Nobody likes being told what to do, but really, can we afford to be so tolerant, polite and reluctant anymore? Congress must work with President-elect Obama and work hard. Money spent on war and on keeping millionaires and billionaires afloat needs to be spent on the levees in New Orleans, on education and health care, on eradicating AIDS in Africa and around the world, on making food available for every person on this planet, on creating renewable energy sources and allowing forests and mountaintops to recover from humanity's rape of them, on ending terrorism by making amends for our dominating ways as an empire.

The American empire is a direct descendant of Rome and Caesar, hence, the antithesis of the kingdom of God, that Beloved Community for which Jesus was crucified. Telling people how to live and how to resist the ways of empire was what Jesus and the prophets were all about. There is a parallel here I'm not sure I want to be around for.

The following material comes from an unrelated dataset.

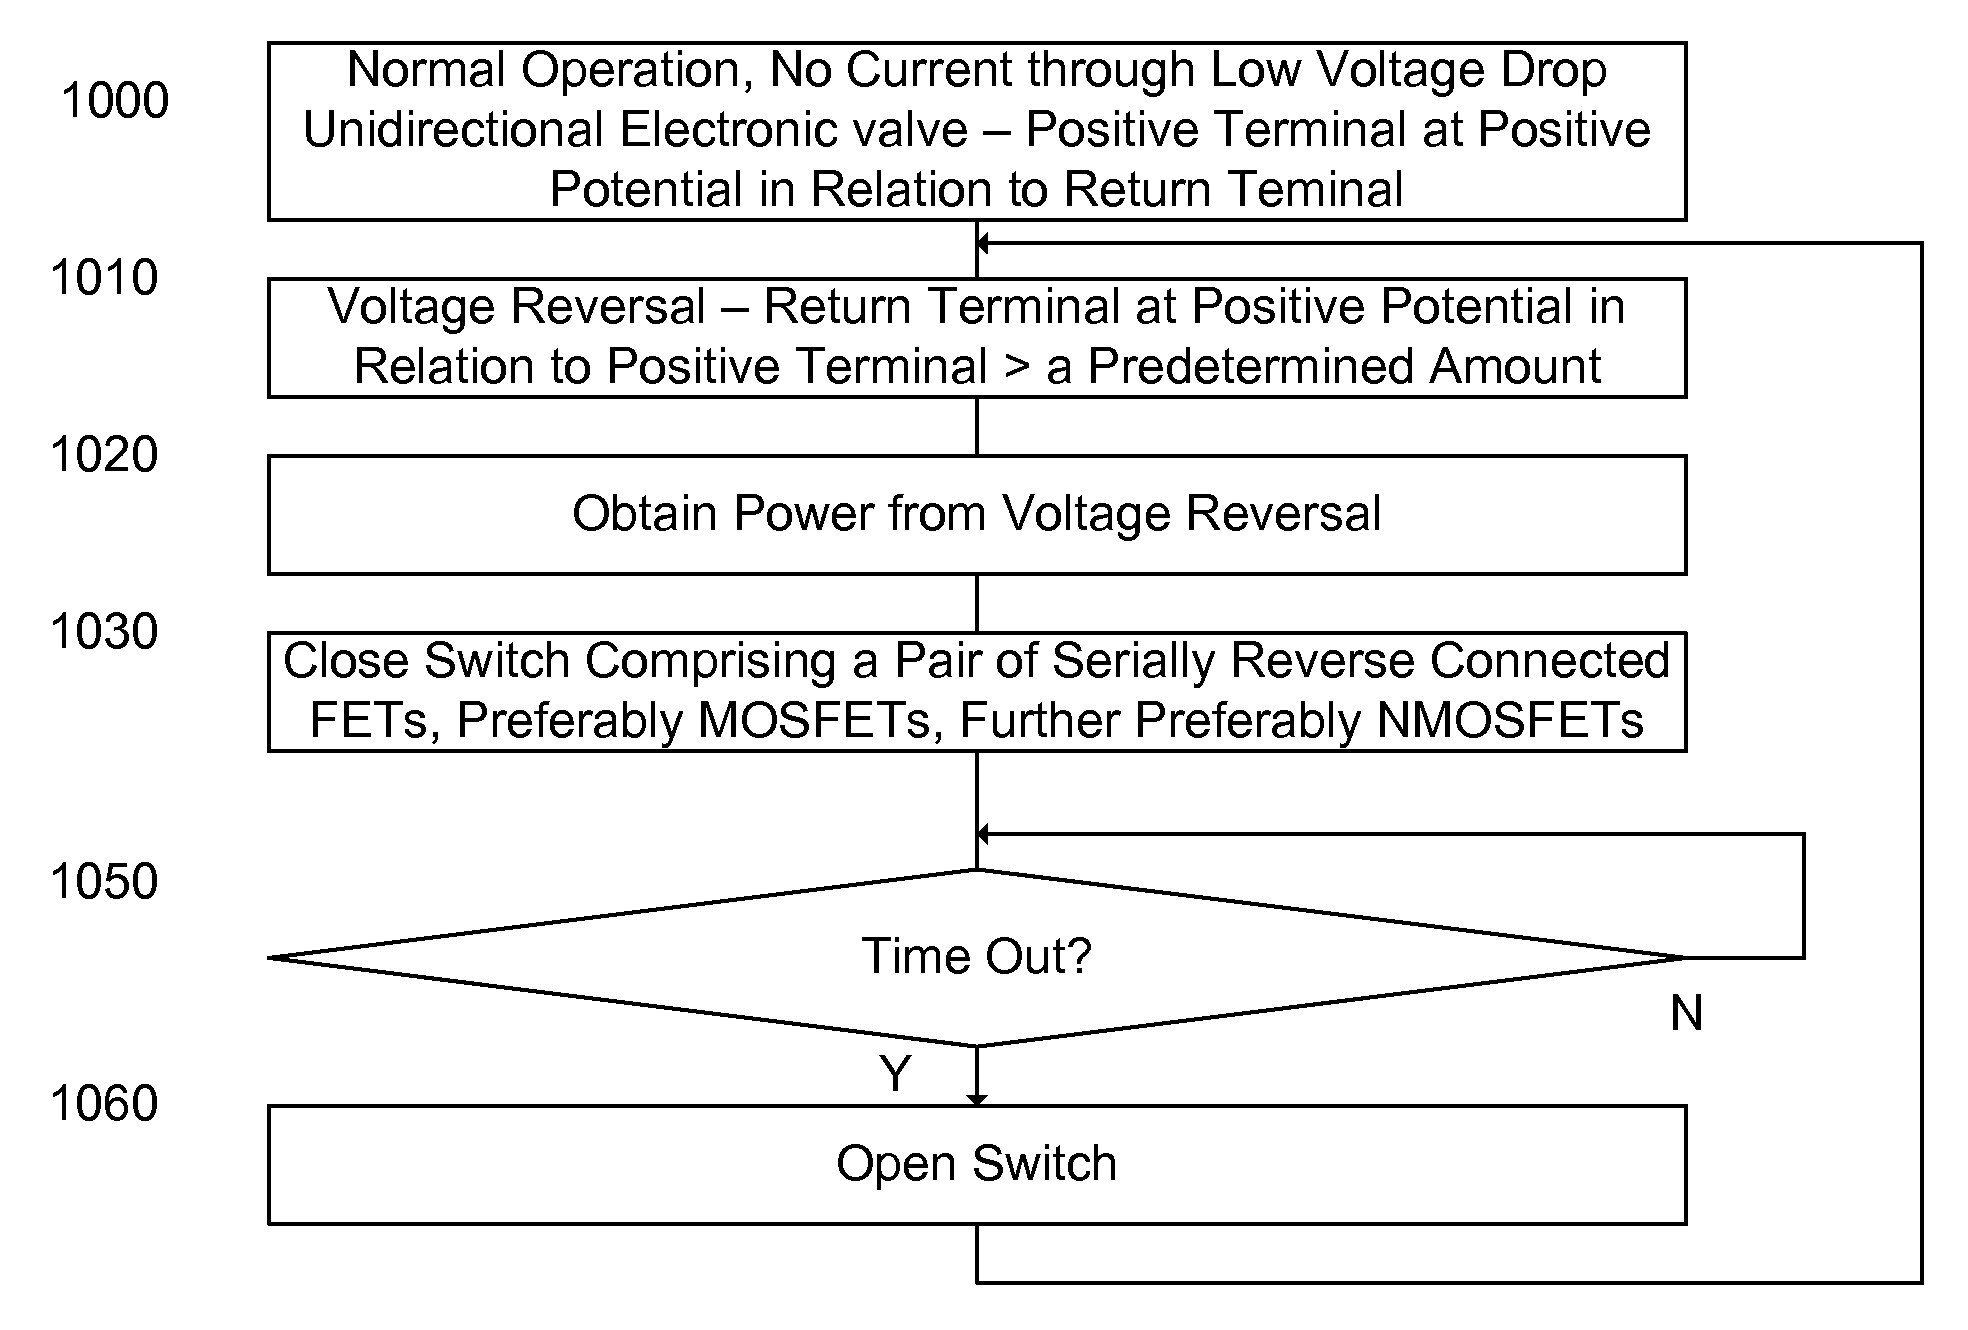 Low Voltage Drop Unidirectional Electronic Valve

Thursday, December 04, 2008

Still got a long way to go, baby

from USA Today, November 30, 2008:













"Women who take on tough issues and stake out new territory are often on the receiving end of ignorance."

--Benazir Bhutto to Hillary Clinton, commiserating on their mutual challenges as women leaders, as quoted in Clinton's 2003 memoir, Living History.

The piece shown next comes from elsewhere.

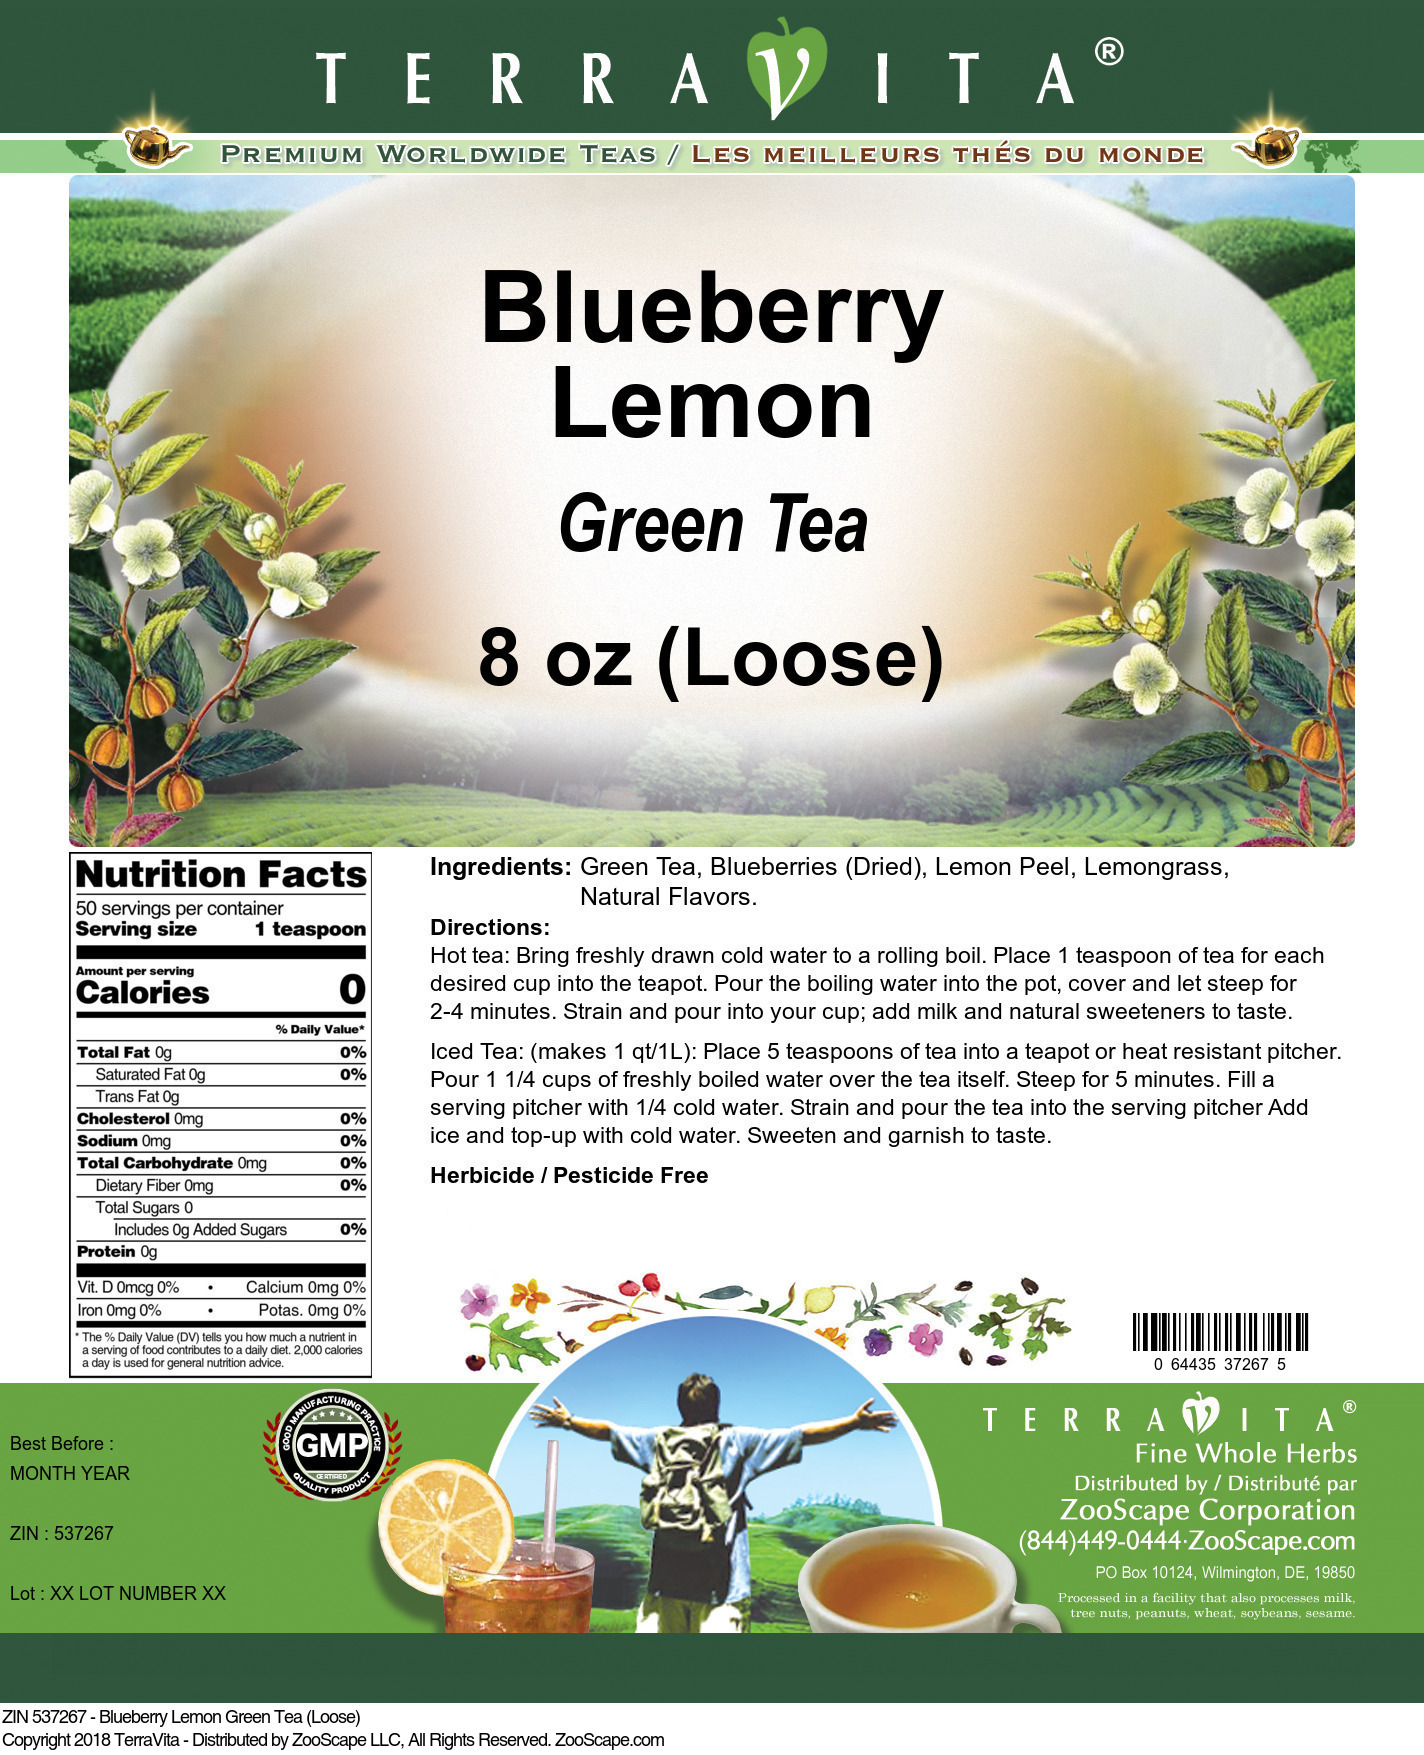 Blueberry Lemon Green Tea (Loose) - Label

Tuesday, December 02, 2008

The big reveal

Ta-dah!! A big shout-out to Julie over at LonePrairie.net who designed my blog header! I saw her work over at Jan's place (I like a lot of what I see over at Jan's!), found her website, and she put together this new look for me. Unfortunately for the blogosphere, Julie won't be doing web design of this sort anymore. So head on over to her site to see her work, especially her watercolors.